Data below

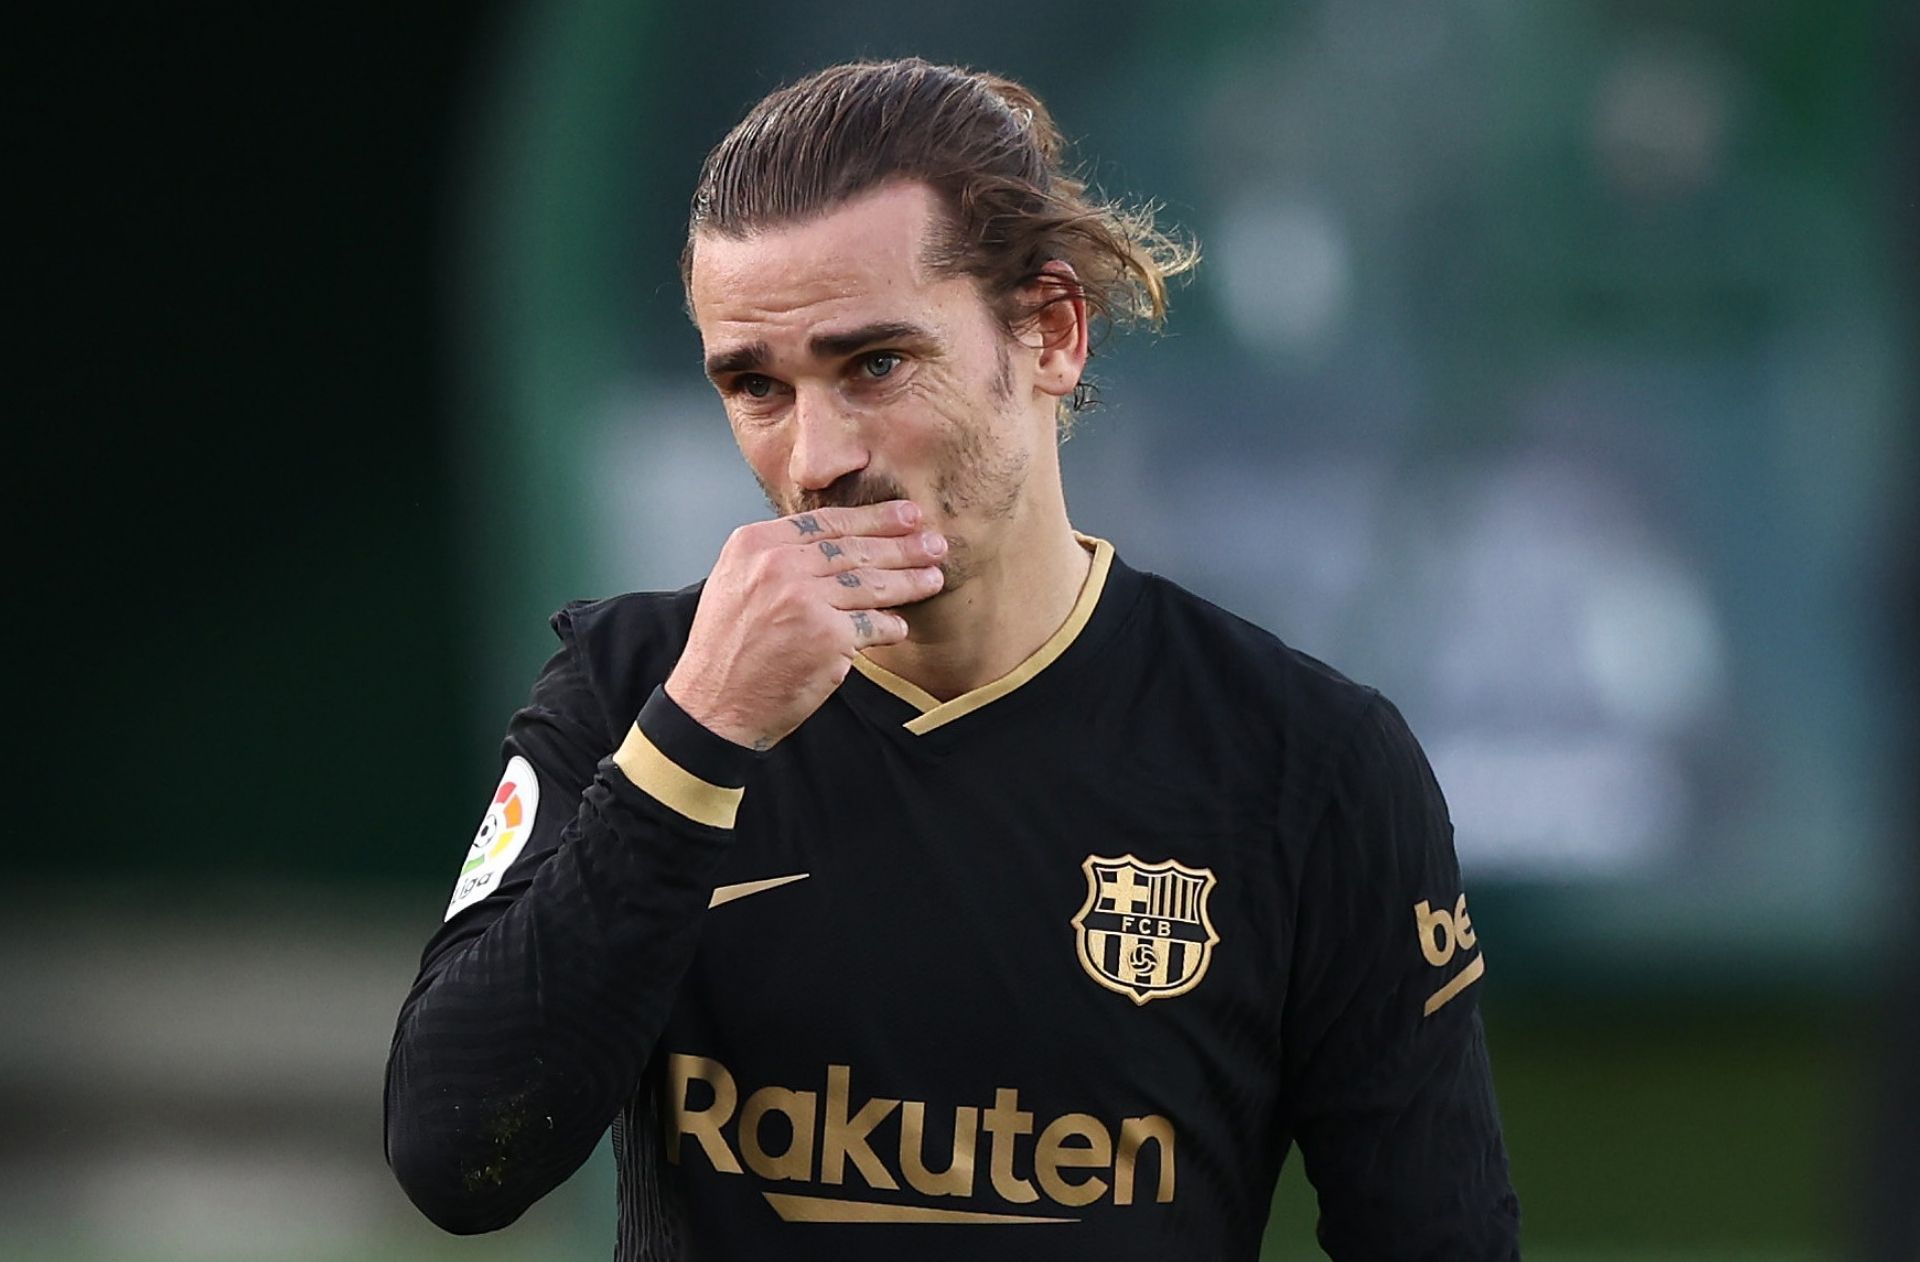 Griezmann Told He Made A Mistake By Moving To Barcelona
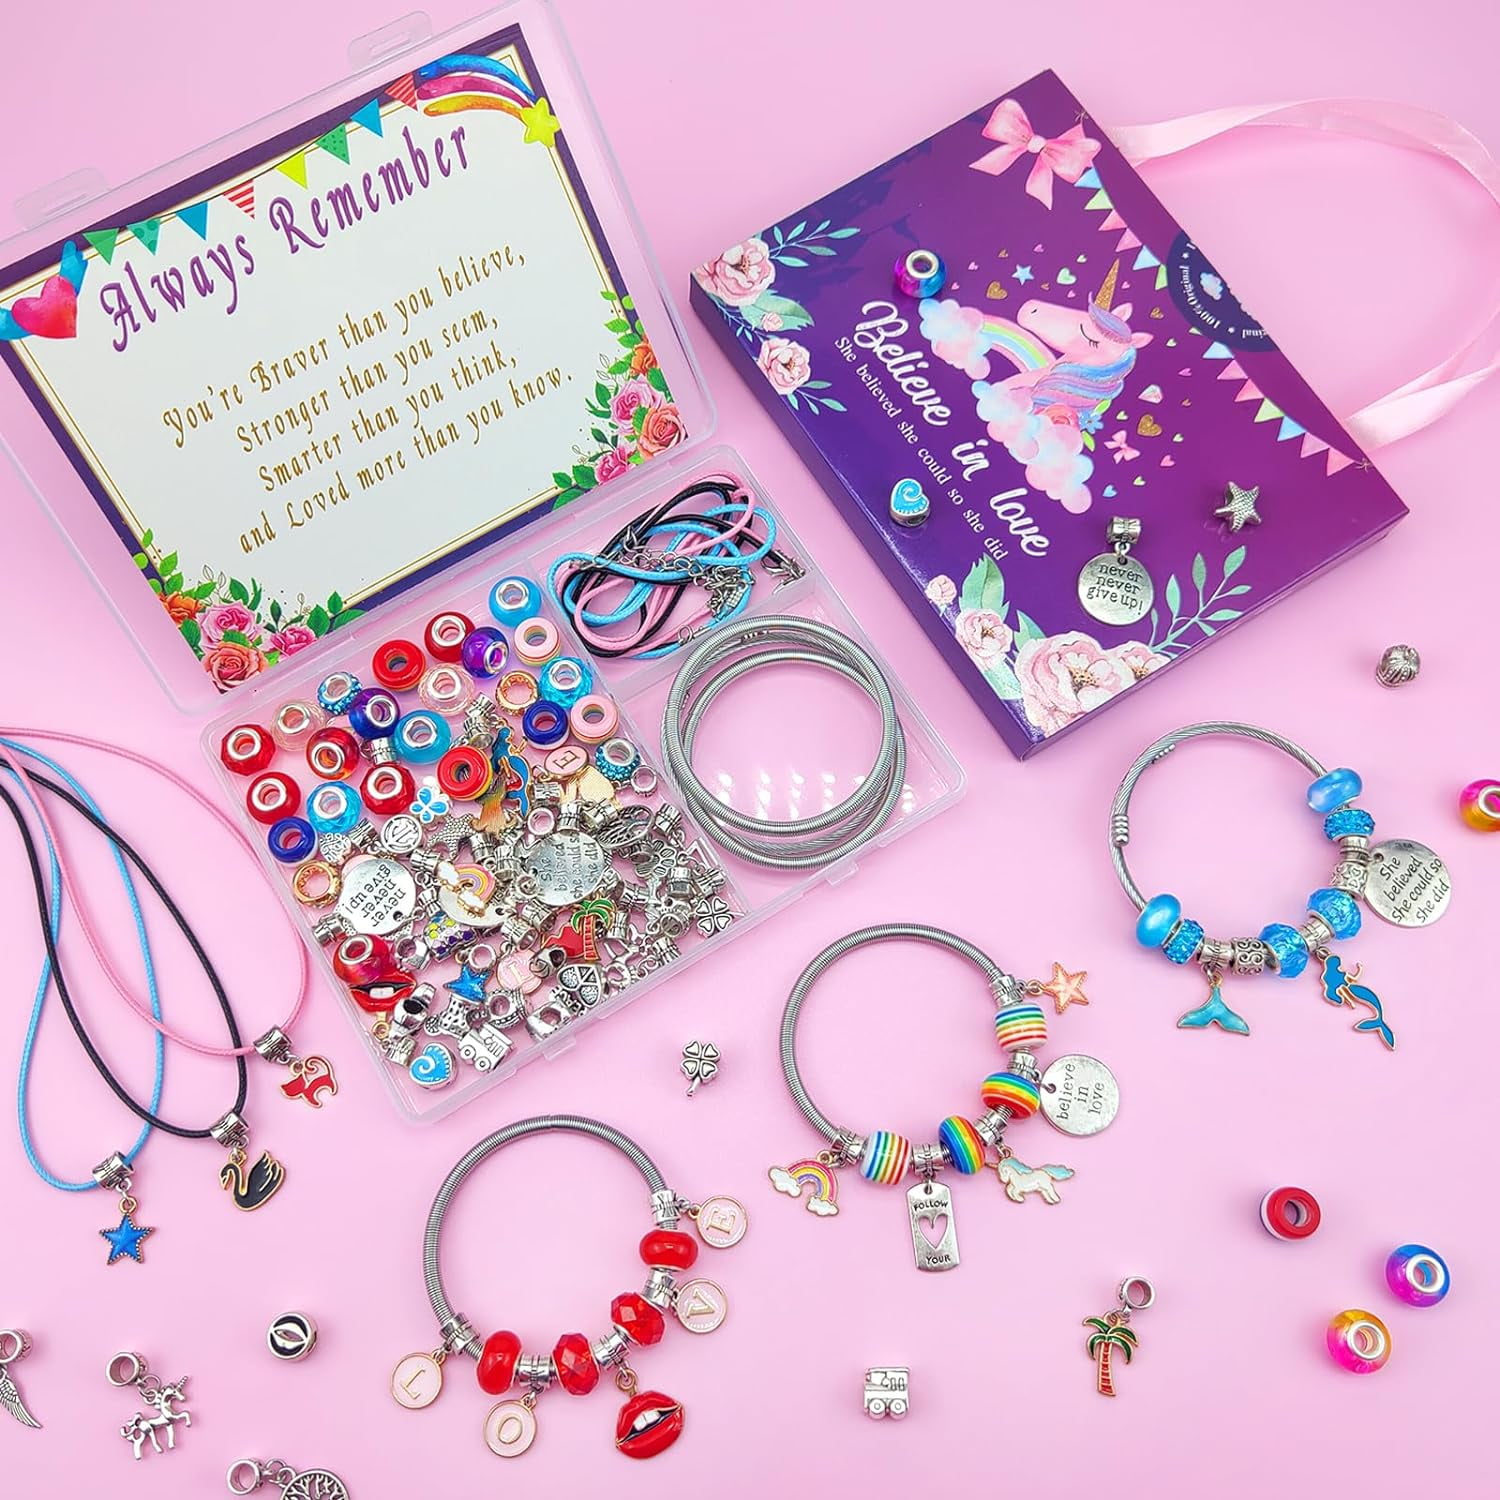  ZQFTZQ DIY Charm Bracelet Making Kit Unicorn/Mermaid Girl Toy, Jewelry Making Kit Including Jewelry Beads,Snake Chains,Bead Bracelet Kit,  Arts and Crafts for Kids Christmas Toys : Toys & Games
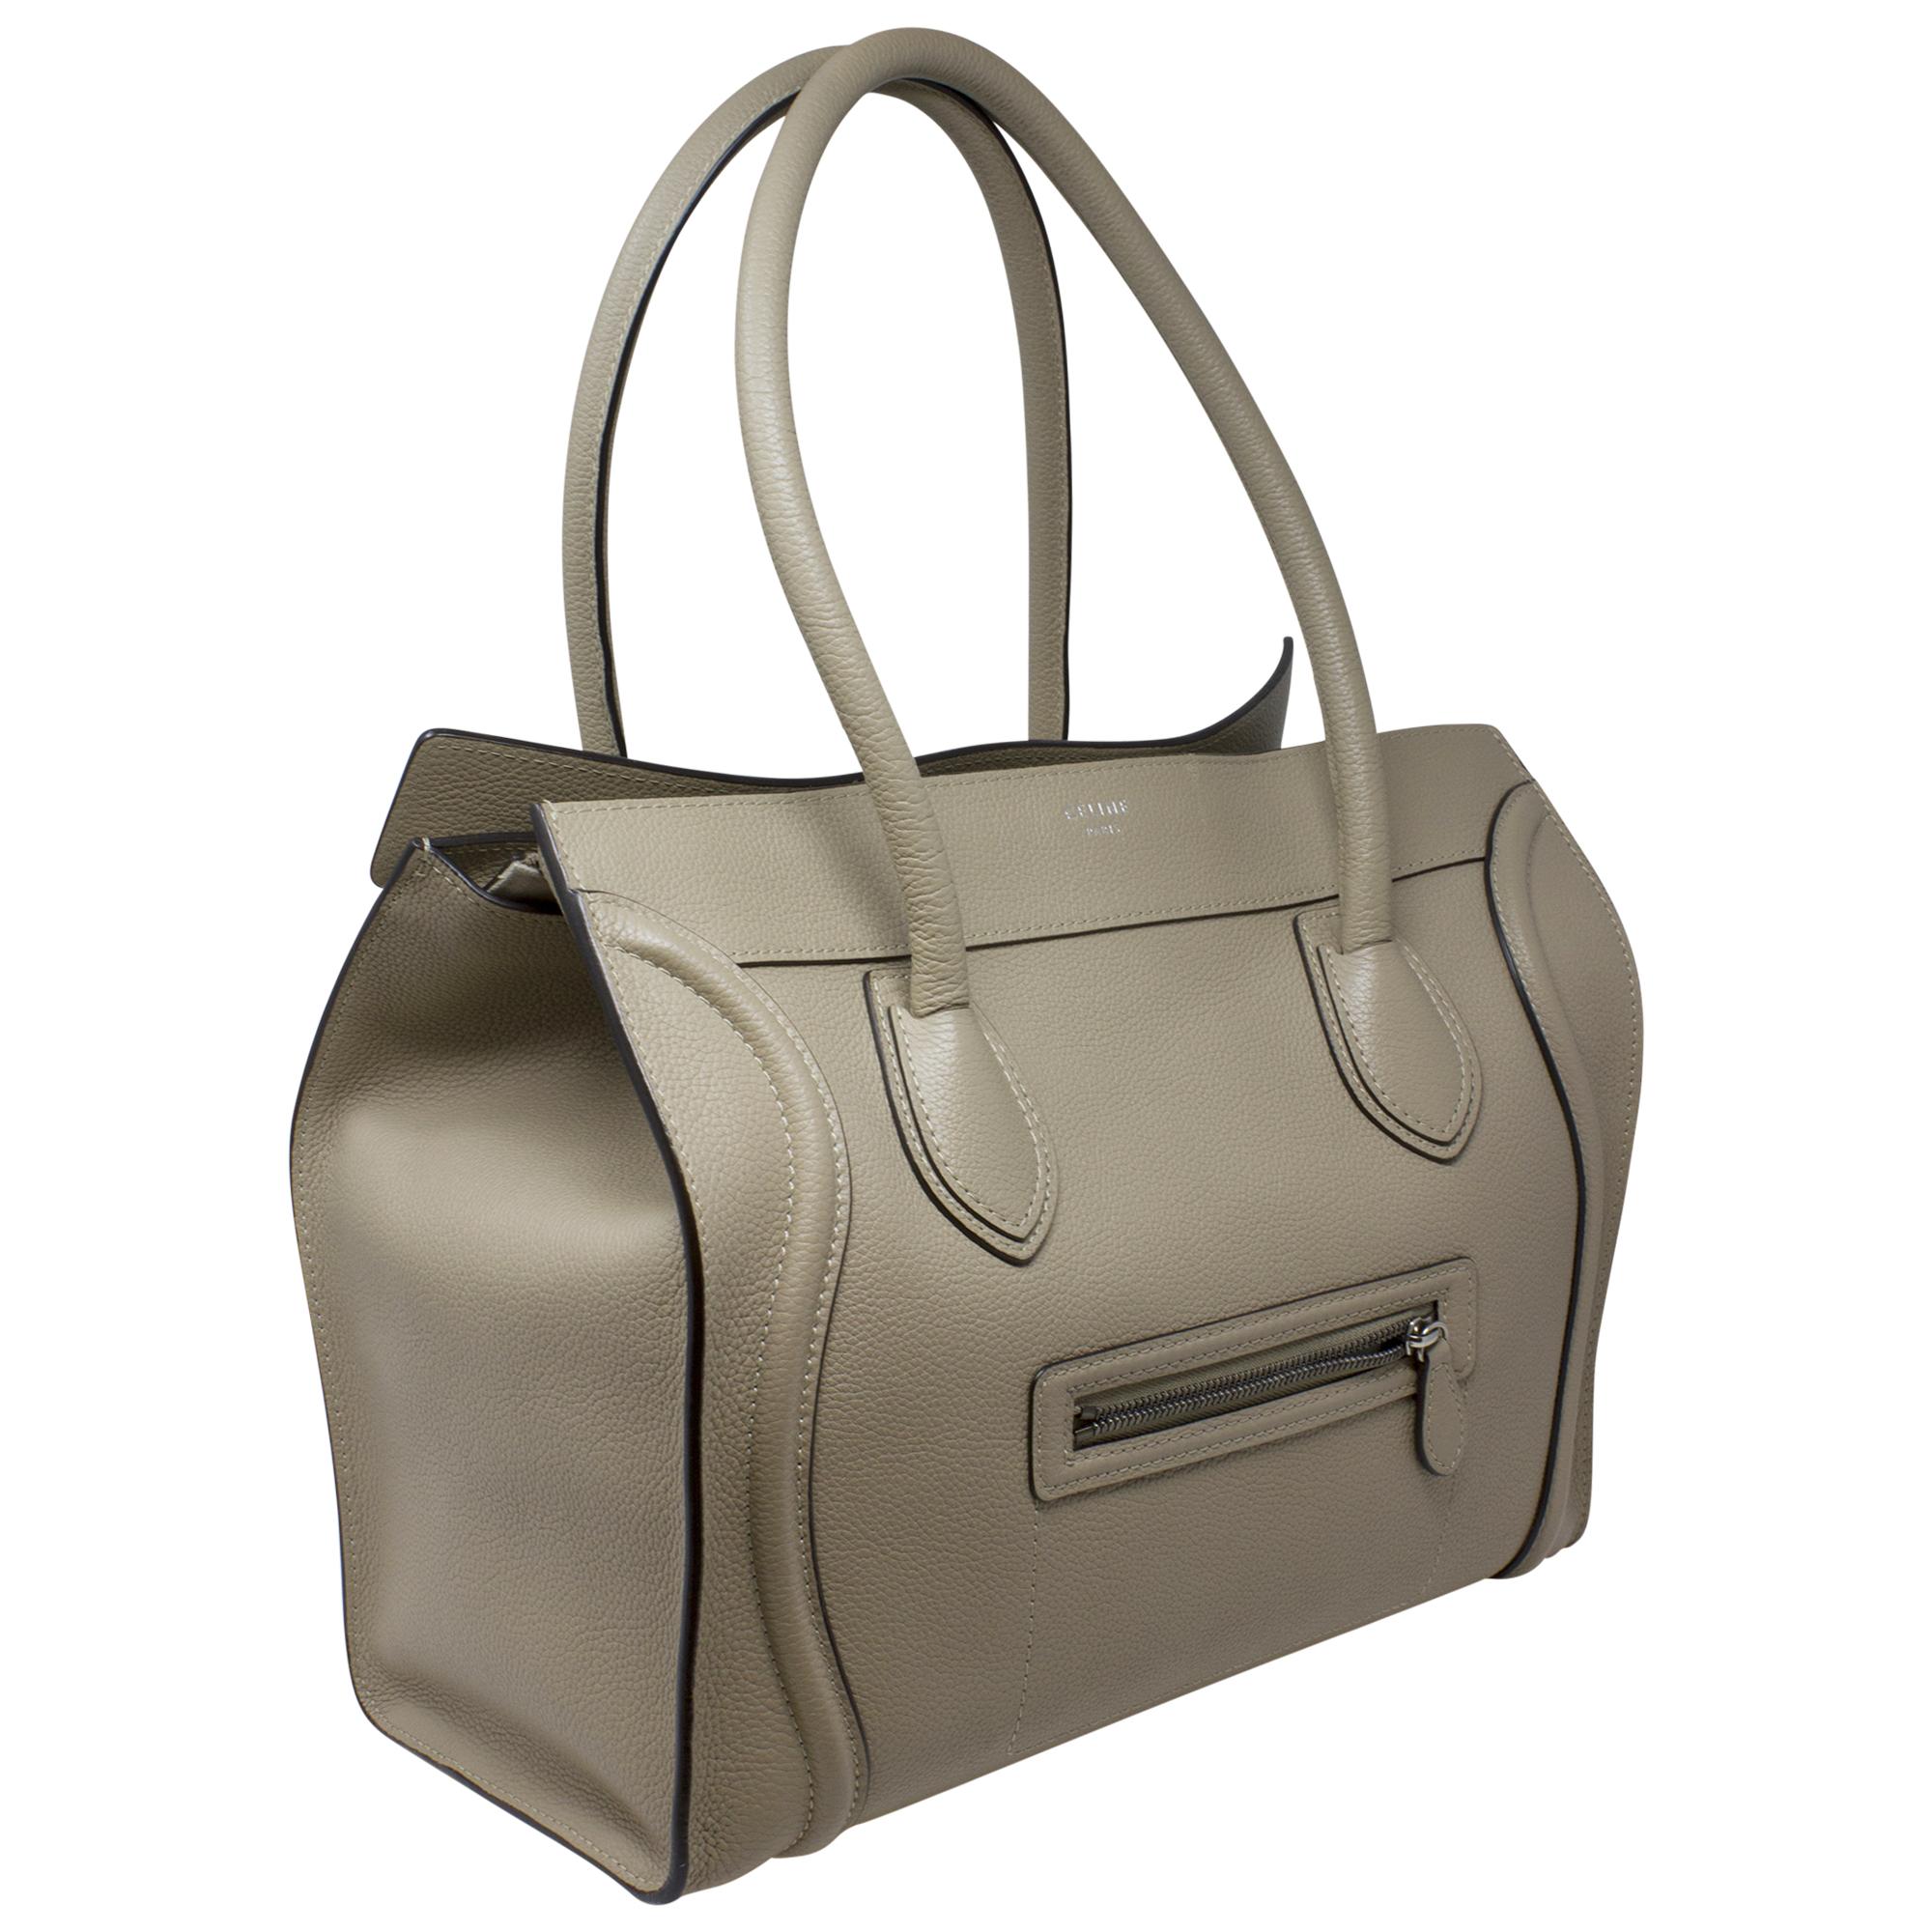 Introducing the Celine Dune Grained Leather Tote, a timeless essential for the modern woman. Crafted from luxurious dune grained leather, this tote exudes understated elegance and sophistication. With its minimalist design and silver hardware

What you will do
Once you have returned the line containing "ZQFTZQ DIY Charm", stop; begin at the first line of the material, keep each line exact, and skip the pictures.

Answer
 Griezmann Told He Made A Mistake By Moving To Barcelona
  ZQFTZQ DIY Charm Bracelet Making Kit Unicorn/Mermaid Girl Toy, Jewelry Making Kit Including Jewelry Beads,Snake Chains,Bead Bracelet Kit,  Arts and Crafts for Kids Christmas Toys : Toys & Games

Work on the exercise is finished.